Tuesday, December 6, 2011

Flies land on dry arms and no one notices

Colder here. December 6, 2011. Day three in India, first day at placement. We drove thirty minutes away from our flats, passed laborers in colorful silks and cottons waiting to be picked up from work, past bony cows eating trash and past torn posters and billboards on dimpled tin walls. We turned into a large tract of land in the middle of Delhi, where the smog still seeps in but flowers of gold and pink and orange line the road, vines hanging between columns and fields of vegetables in parallel and perpendicular lines. We walked into Mother Teresa's Home for the Dying and Destitute, anxious and excited and scared and wishful and all the other adjectives fluttering around in heart and stomach. A large walkway goes straight through the nearly all outdoor center, men on the left, women on the right, Lalet, one of the staff members for CCS, told us. We hear crying, screaming and sobbing and little laughter, and we scuff across the tiles, and meet the mother nun, patients coming us to us and talking grunts or Hindi or babble, indiscernible to me, and all around there are women and men in various states of mental chaos and I don't think I can do this, but I must, I say to myself, I must. 
And so in my new Indian dress that we are required to wear, a pale green silky tunic, I sit with the women for hours, and hold their hands, and rub their backs when they cry and almost cry myself. 

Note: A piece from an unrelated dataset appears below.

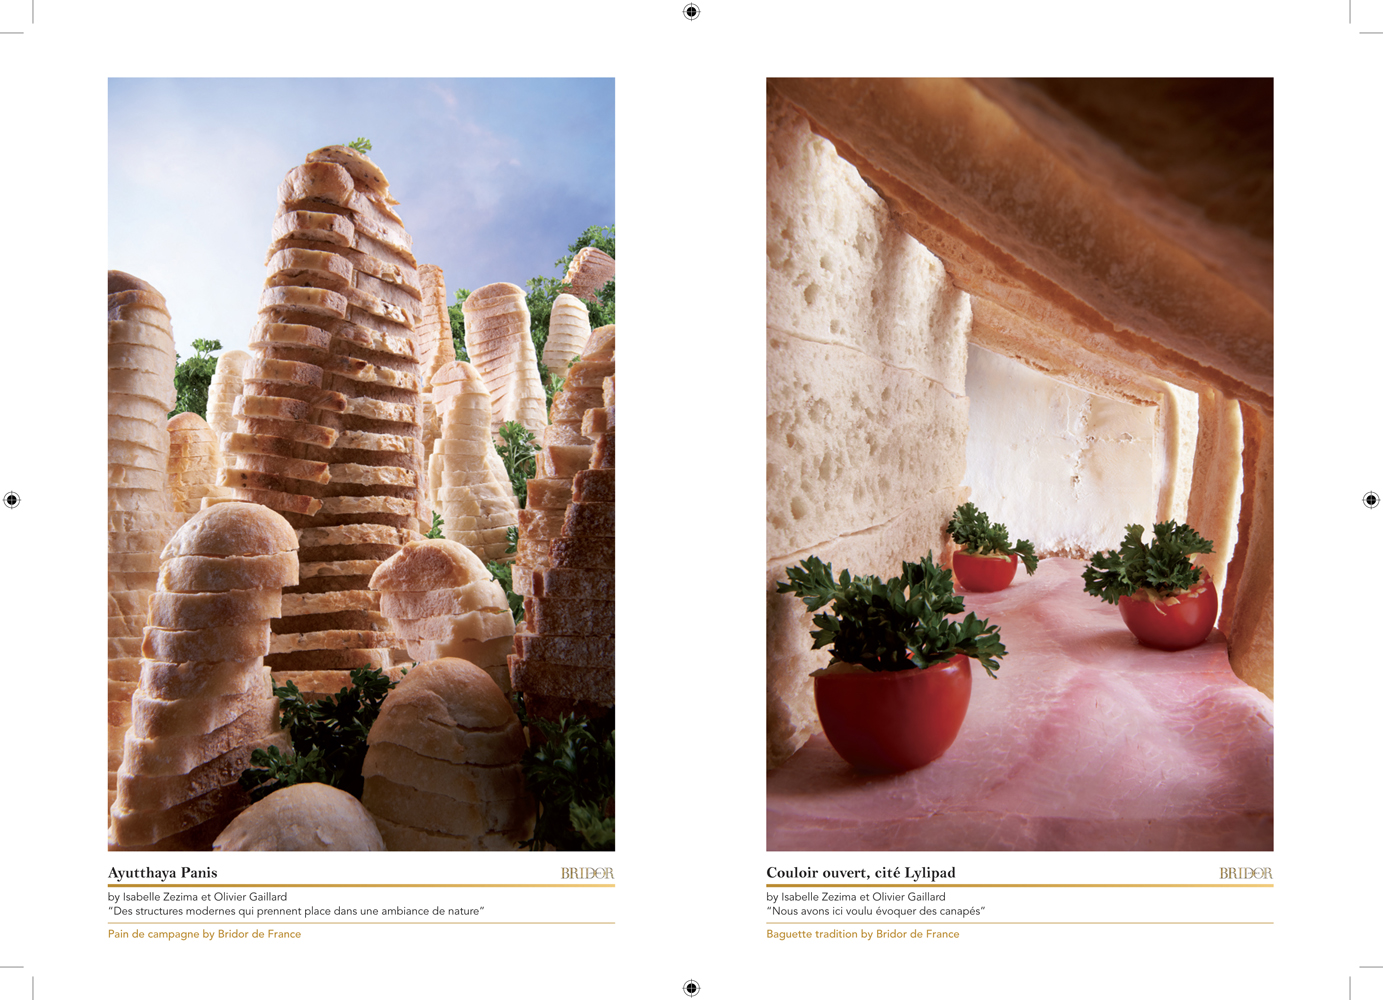 Livret en édition limitée réalisé par l'Agence Lucette pour accompagner l'exposition Bridor, en parallèle du festival de photographie culinaire 2012.

Mother Teresa's center in New Delhi is a recent institution that takes men and women with either physical or mental disabilities and gives them a place to stay, food to eat, comfort, and maybe even love, until they die.
Most do not have family. I would be surprised to see you not shocked, Bella said. 
The light streams down allies at steep angles, hitting the garbage and curbs through refractions of smog. Birds chirp all night, and fly overhead from palm to tree to wire to paint chipped balcony. I sit in our living room, peering out through barred windows and cracked screens and I watch from the backseat of our compact car at the fruit stands and cloth shops and toothless men crossing the road, motorbikes tearing past and automated rickshaws scurrying in cracks of fast moving exhaust. 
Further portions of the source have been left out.